El cuerpo es lo que nos queda. Un relato de vivencias.
… palabras de Diana Toucedo para Chantal Akerman

 

Máquinas blandas 

La práctica de Cristina Ortega se despliega aquí en el cruce entre lo textil, lo gráfico y lo cerámico. Su trabajo parte del cuerpo como medida, como archivo y como lugar de pensamiento. De ahí emerge el sisómetro, un instrumento de patronaje que acompaña la curva del cuerpo y que propone otra relación entre forma, técnica y materia: no la de la imposición, sino la del ajuste sensible. Frente a la simetría normativa y a la lógica productiva de la estandarización, aparece el crecimiento asimétrico, la divergencia, la variación. La herramienta deja de ser un dispositivo de dominación para convertirse en una tecnología de cuidado, en una tecnología atenta.
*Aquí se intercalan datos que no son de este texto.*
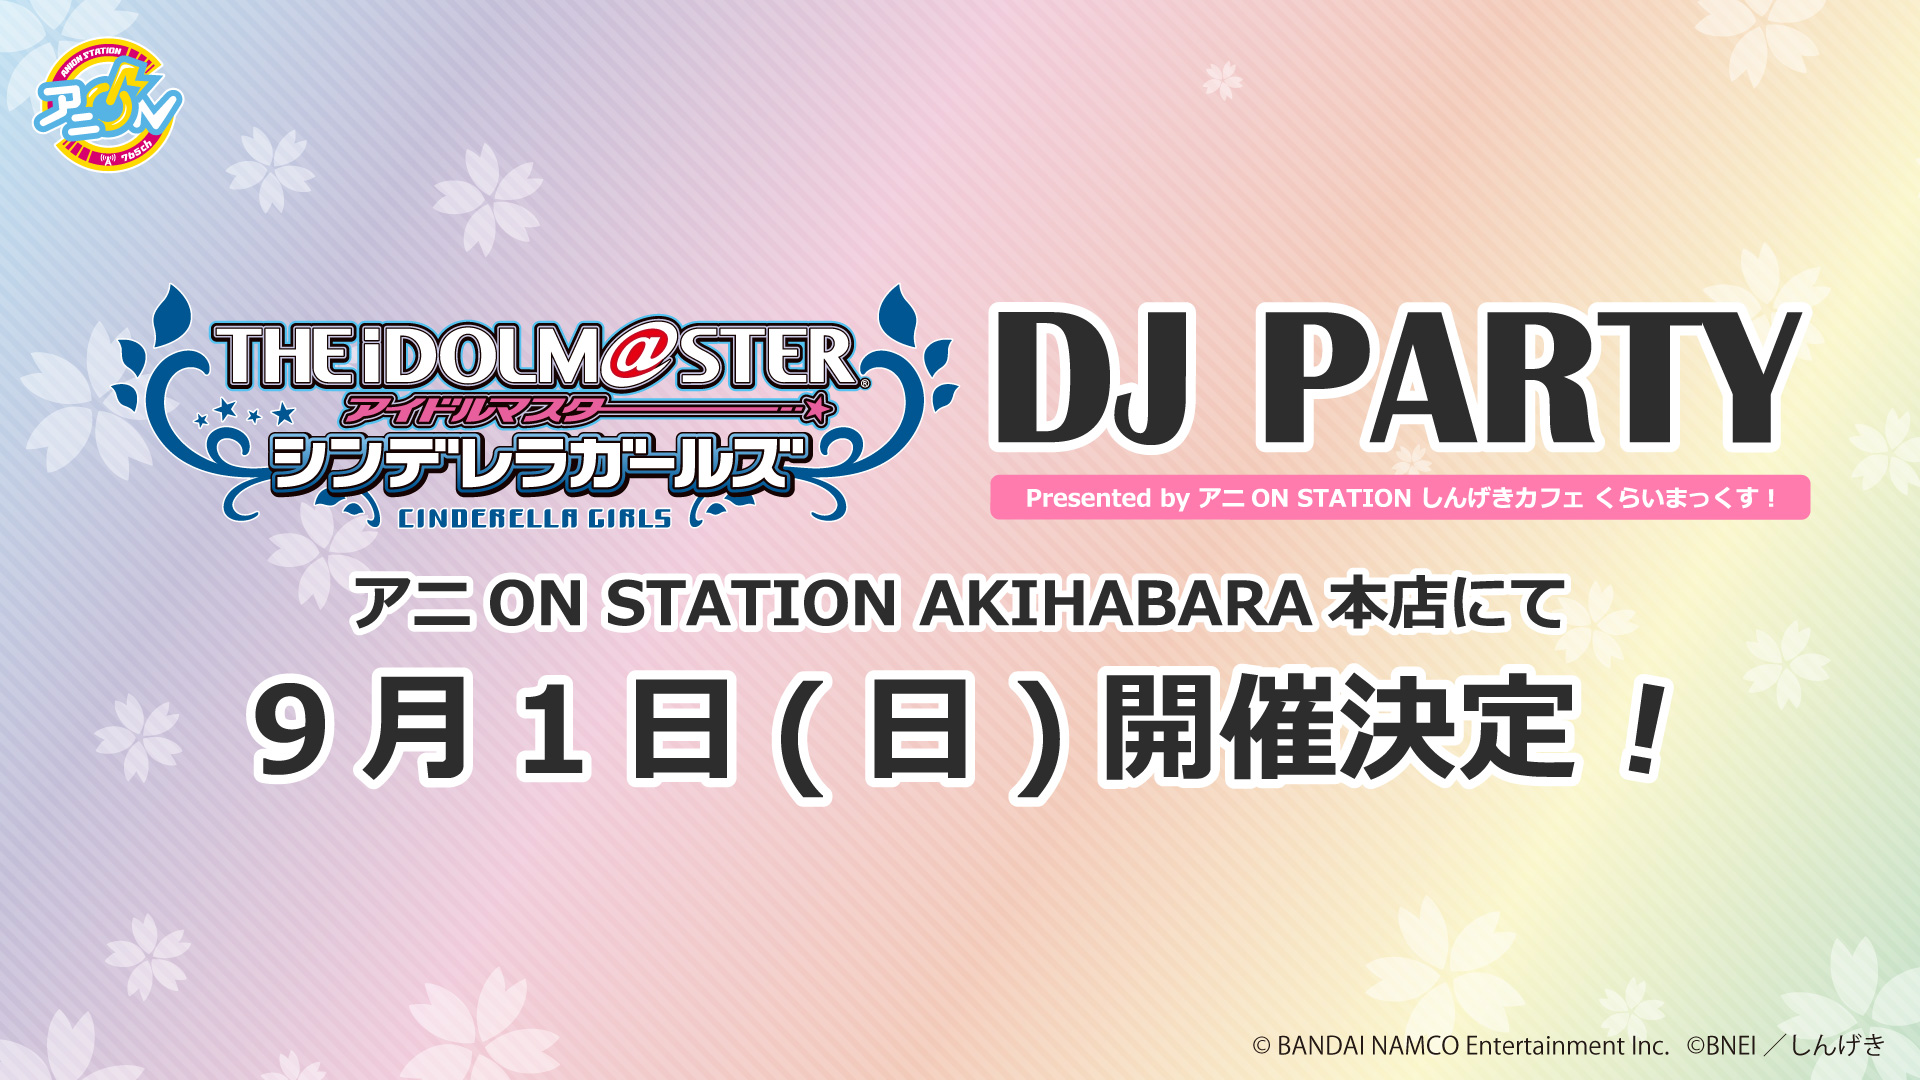 アイドルマスター シンデレラガールズ  DJ PARTY Presented byアニON STATIONしんげきカフェ くらいまっくす！

En Máquinas blandas, Ortega piensa la relación entre cuerpo y técnica desde una inversión fundamental: no se trata de destruir el vínculo entre ambos, sino de observar qué sucede cuando la tecnología abandona su mandato de eficiencia y se aproxima a la cadencia del cuerpo. La artista trabaja a partir de la repetición manual de gestos industriales, pero no para imitar la productividad de la máquina, sino para traducir su movimiento a un ámbito más blando, más poroso, capaz de dejar huellas irregulares, únicas, vulnerables. En este contexto, lo frágil, lo impreciso, el excedente y el fallo se vuelven formas de conocimiento que cuestionan la lógica de la eficacia.

La artista llama a estas piezas contra-máquinas: herramientas simbólicas que restituyen al cuerpo su capacidad de pensar a través del hacer. Si la técnica moderna convirtió a la máquina en sustituta del cuerpo y de la mano de obra, Ortega se pregunta qué ocurre cuando el excedente ya no es el residuo material de la producción, sino nosotras mismas. Desde una perspectiva profundamente crítica y ecofeminista, su trabajo subraya las fragilidades expuestas tras décadas de tecnificación: ¿qué lugar ocupan hoy la mano y el gesto en un presente marcado por la autonomía de lo maquínico y por la aceleración de los tiempos de producción? ¿Puede una máquina acompañarnos en lugar de reemplazarnos? ¿Puede ser porosa, sensible, cercana al cuerpo?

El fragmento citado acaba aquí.